SUPPLIED DATA |
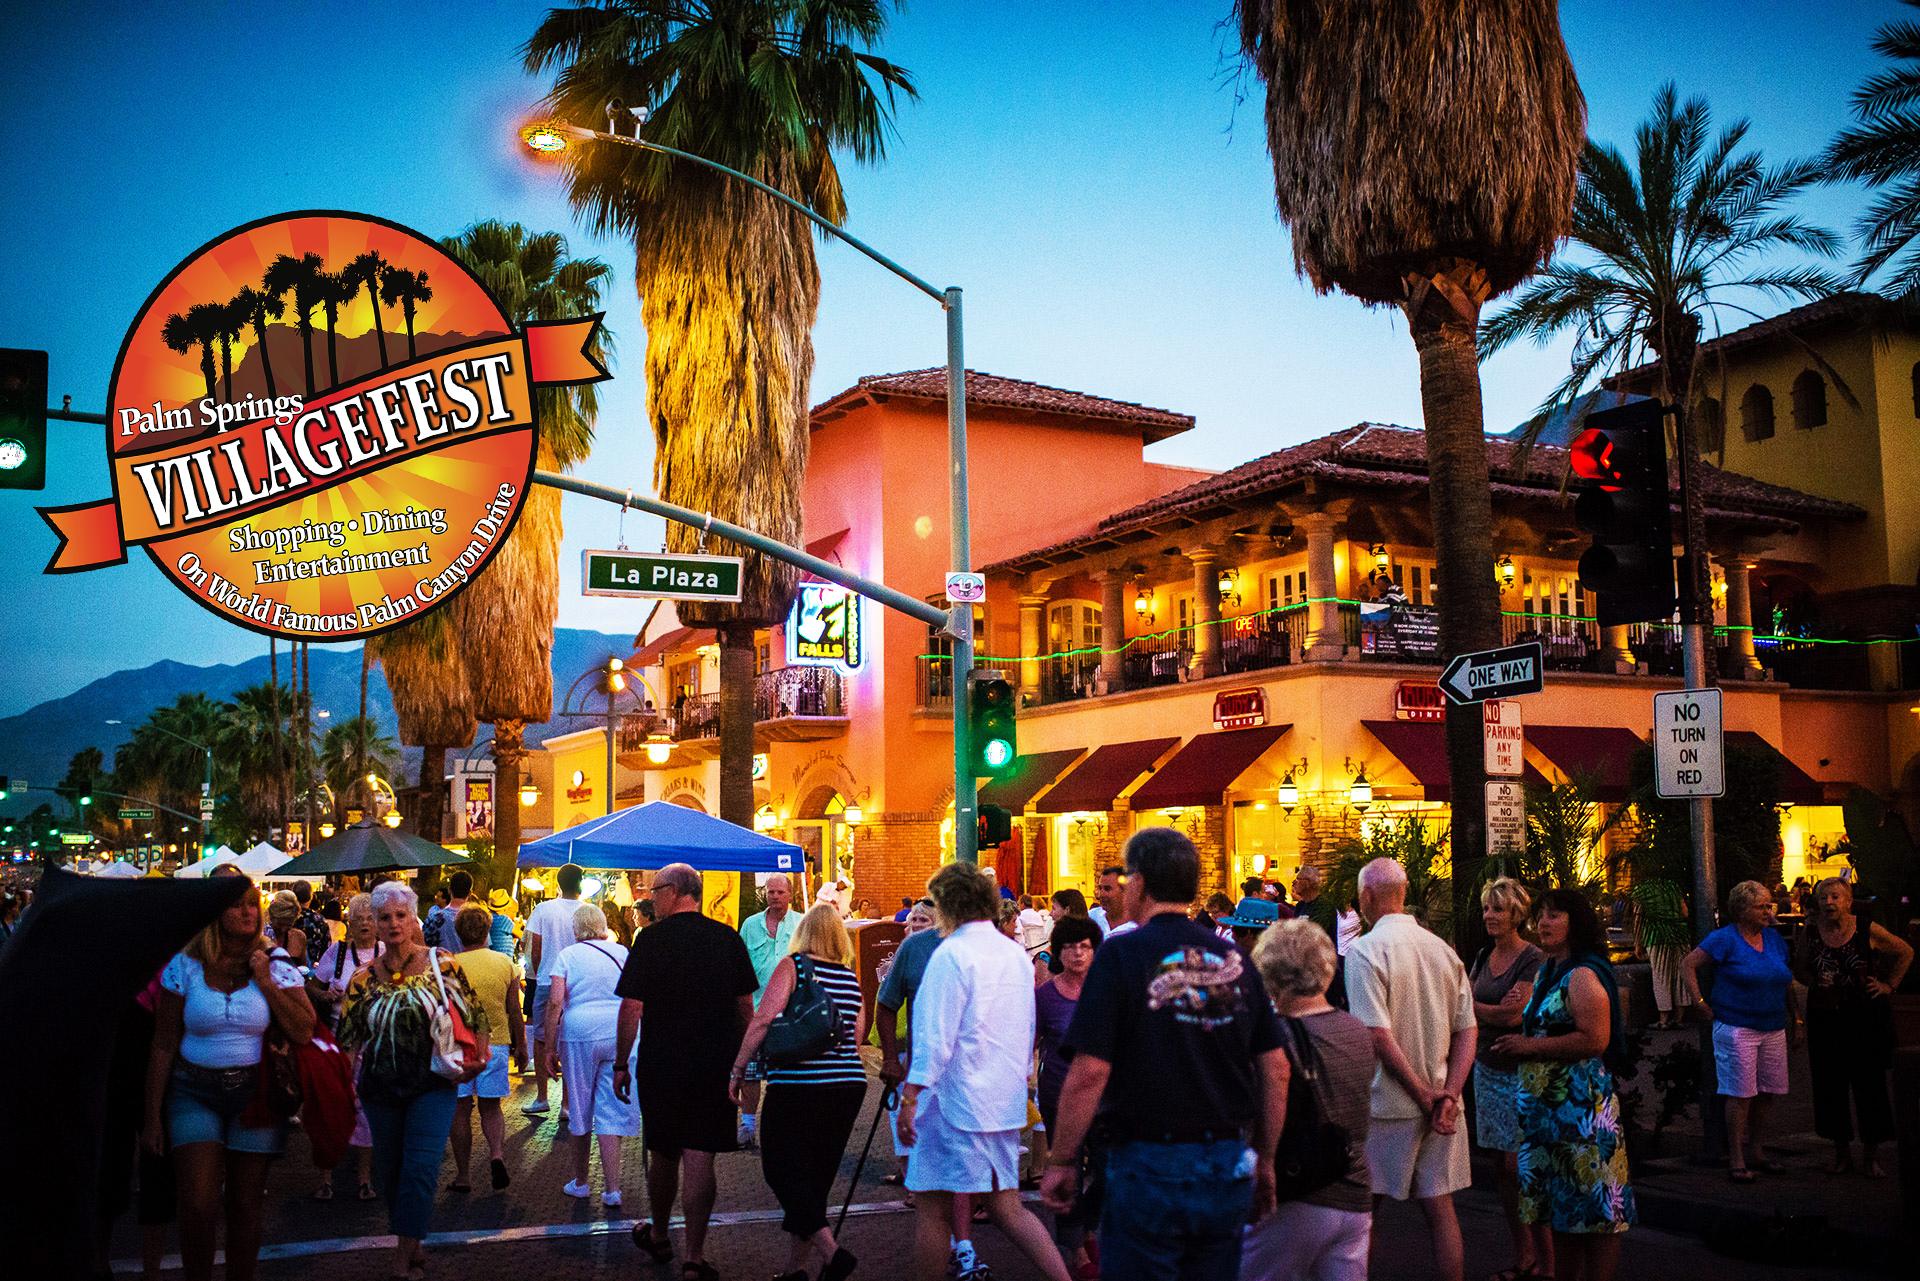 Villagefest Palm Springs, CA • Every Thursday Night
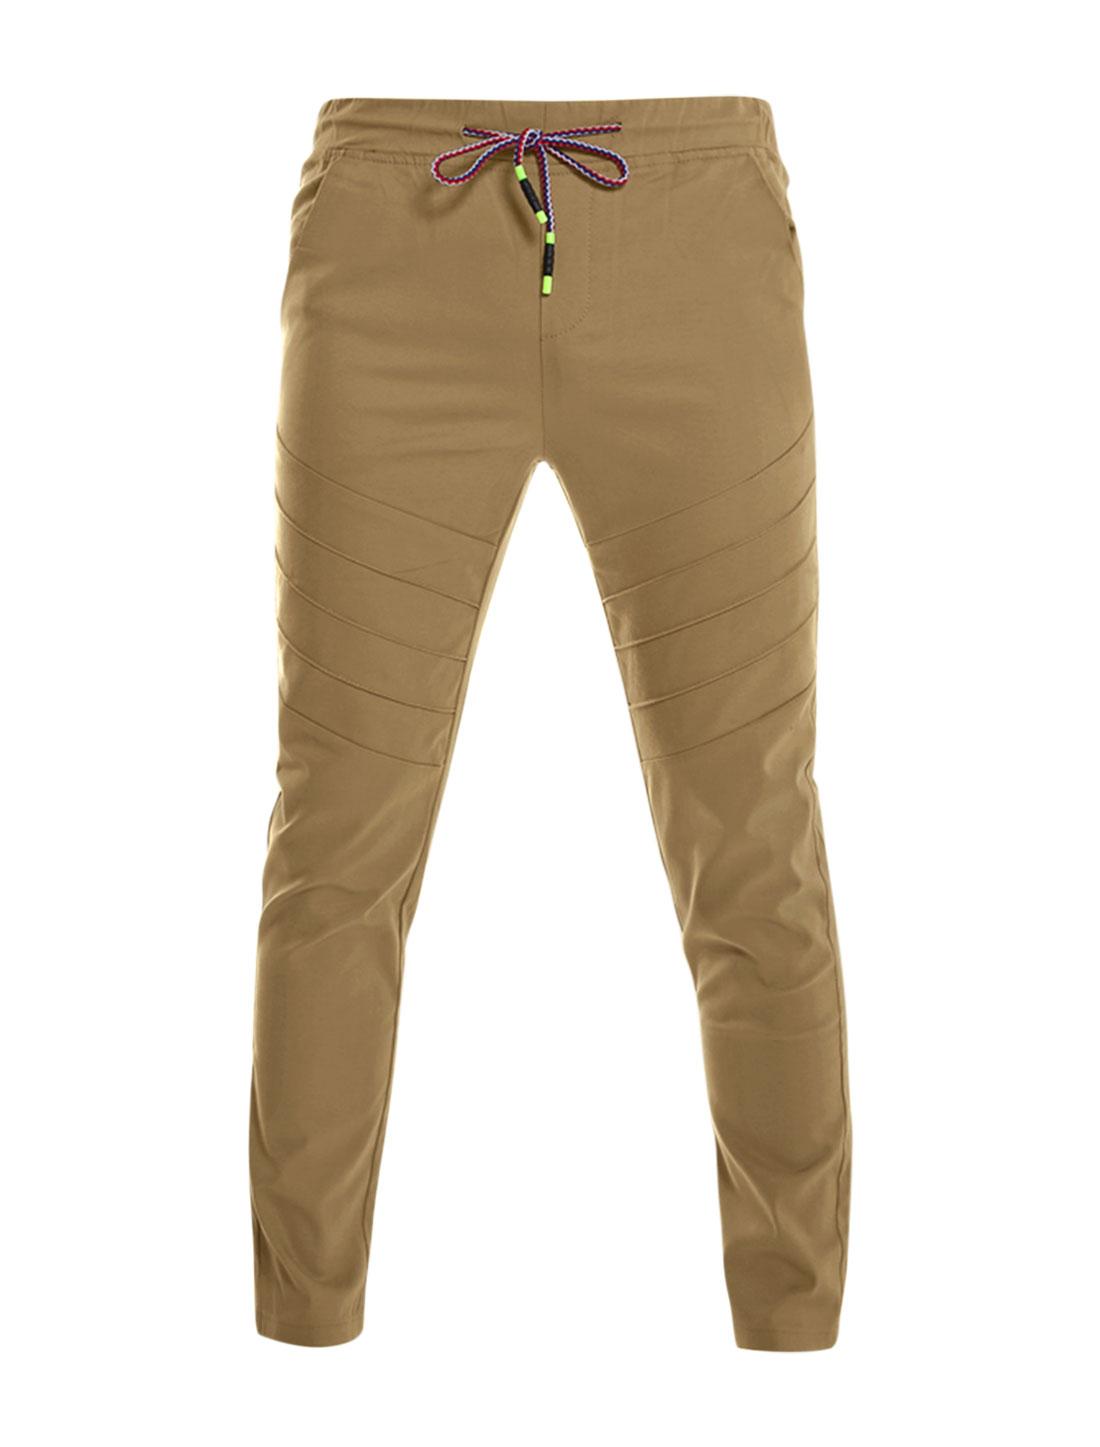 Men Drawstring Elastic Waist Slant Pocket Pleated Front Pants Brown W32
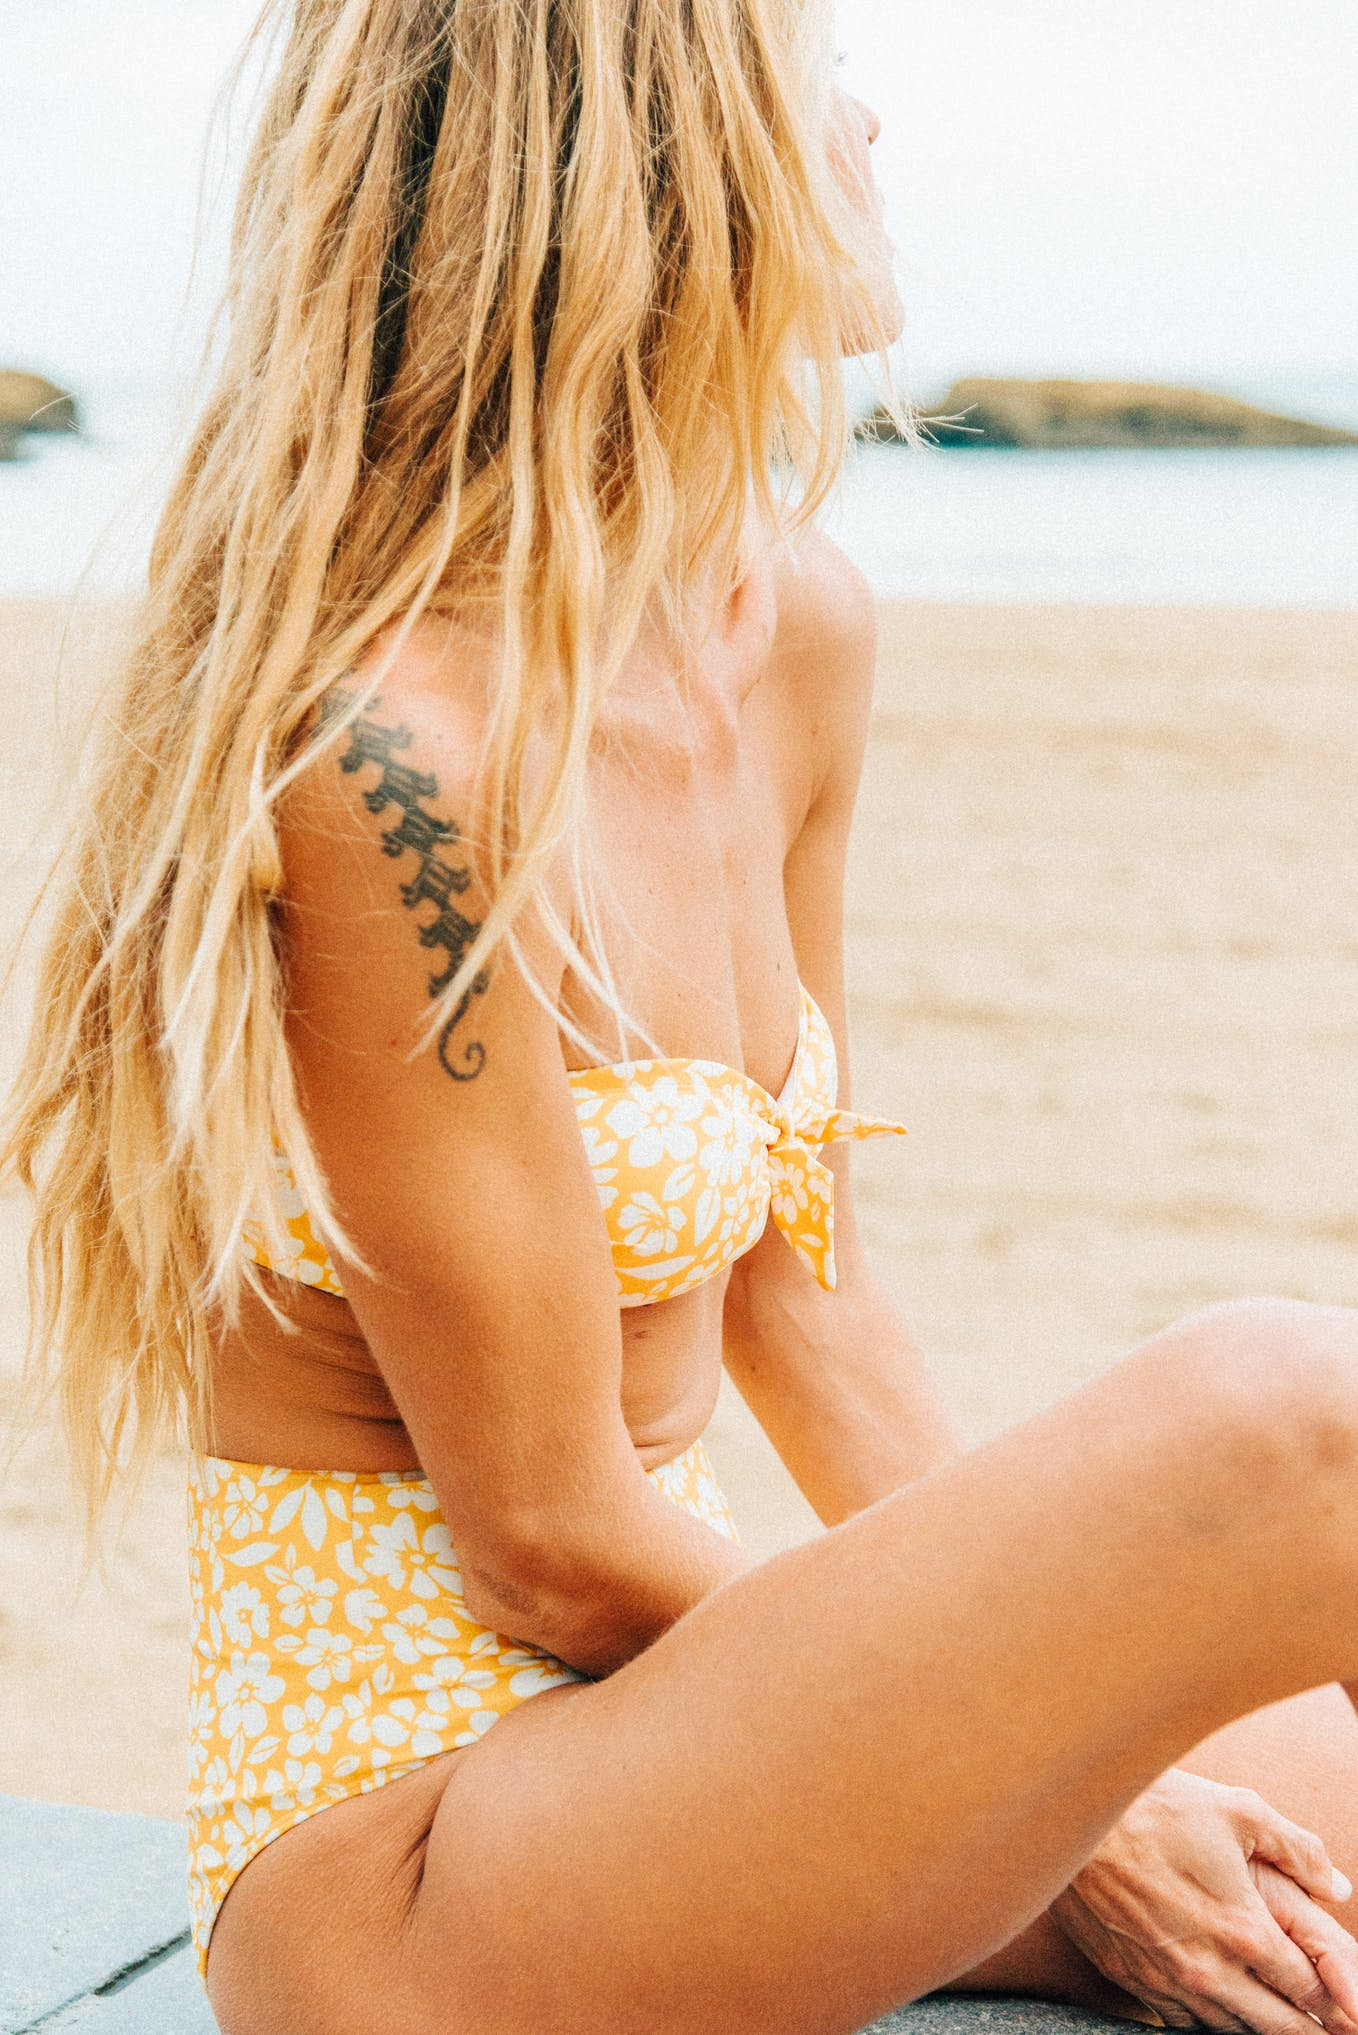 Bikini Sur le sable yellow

EXERCISE OBJECTIVE |
Each line above should be returned exactly as written, apart from any pictures.

RESULT OF THIS EXERCISE |
 Villagefest Palm Springs, CA • Every Thursday Night
 Men Drawstring Elastic Waist Slant Pocket Pleated Front Pants Brown W32
 Bikini Sur le sable yellow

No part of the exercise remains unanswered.